West Nile virus remains the leading cause of mosquito-borne disease in the contiguous United States, killing more than 130 Americans and causing severe illness in over 1,300 each year, according to the Centers for Disease Control and Prevention. A positive West Nile sample was confirmed in a mosquito in Riverside County, California, in late May 2026. Debug's proposal specifically targets Culex quinquefasciatus, the primary vector. "Obviously, West Nile is a problem," Eric Caragata, assistant professor at the University of Florida's Florida Medical Entomology Laboratory, told the Palm Beach Post. "That's a big reason for targeting it." The Sterile Insect Technique has been used since the 1950s against agricultural pests including the New World screwworm, which was eradicated from North America.
The EPA registered a similar Wolbachia-based product — WB1 Males, Wolbachia wAlbB in male Aedes aegypti — on April 12, 2024, under FIFRA Section 3(c)(5). Seventeen public comments were received, all supporting registration. The EPA's 2024 risk assessment concluded negligible risk to human health and environment, classified the product as "practically non-toxic" (Toxicity Category IV), and made a "No Effect" determination under the Endangered Species Act. The EPA requires a female contamination rate of no more than 1 in 250,000 males. Debug's 2026 proposal is larger in scale and targets a different species, Culex rather than Aedes aegypti.

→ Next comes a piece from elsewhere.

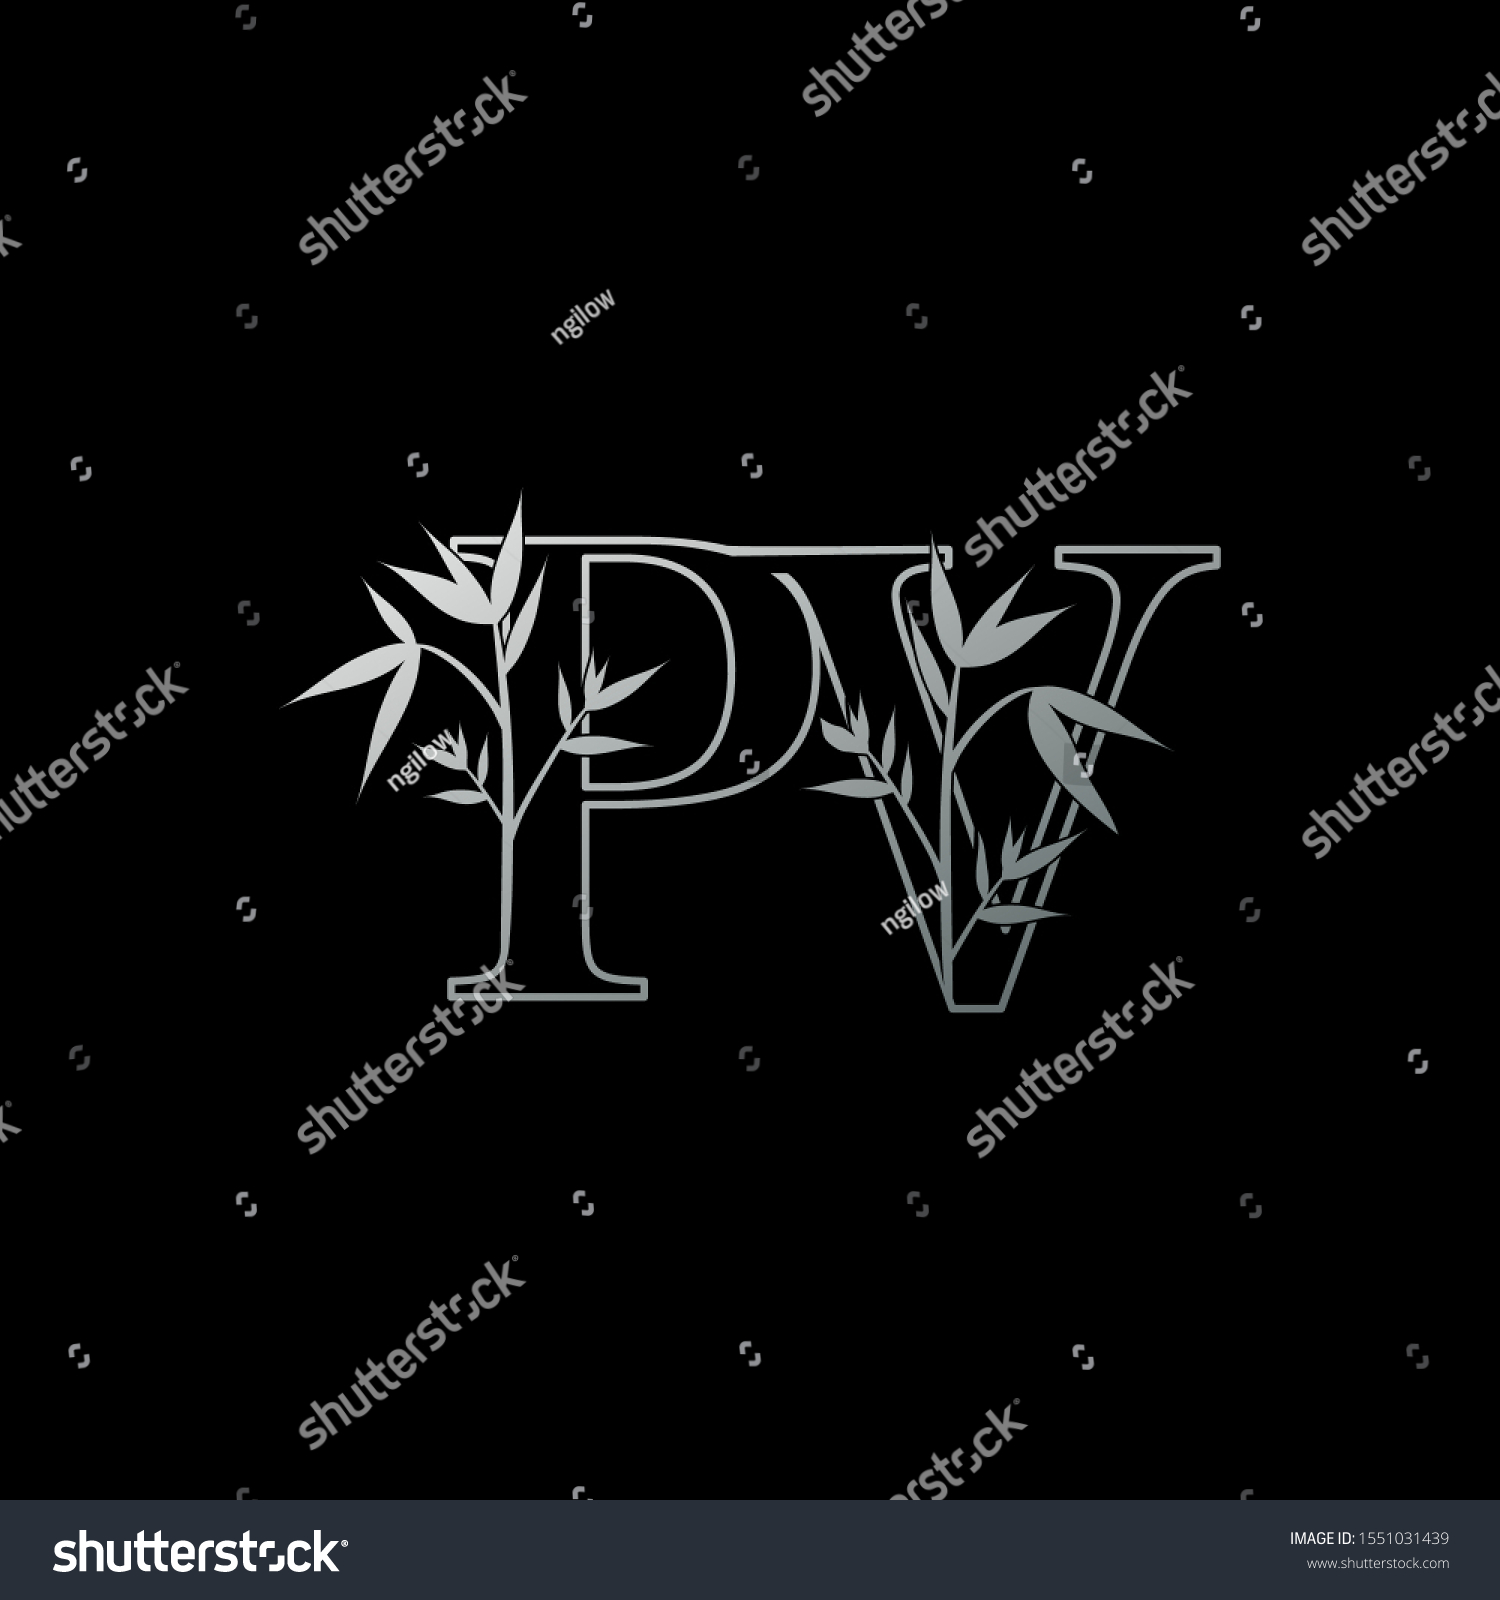 Silver Letter P V Pv Floral Stock Vector Royalty Free

Google has not named specific release locations. Debug states on its website that it "look[s] forward to working with communities," but no details have been provided about which communities have been contacted, by whom, or what the engagement process entails. Rep. Tim Burchett (R-Tenn.) questioned the proposal on X on May 31, 2026: "Why does Google have 32 million mosquitos? Have we not learned our lesson with Kudzu, Sparrows, Black Birds, Asian Carp? Should I go on? Don't mess with the balance of nature." Brent Nye, a Florida resident, told Tampa Bay News, "I find the idea interesting but I'm not sure I want it in my backyard. I would rather they experiment on some other state."
The EPA comment period closes June 5, 2026. Anyone can submit comments through regulations.gov using docket number EPA-HQ-OPP-2025-3951. After that, the EPA will decide whether to grant, deny, or condition the experimental use permit. Google has not responded to requests for comment. The fundamental question remains: when a for-profit tech company decides to alter an ecosystem, who gets to say yes?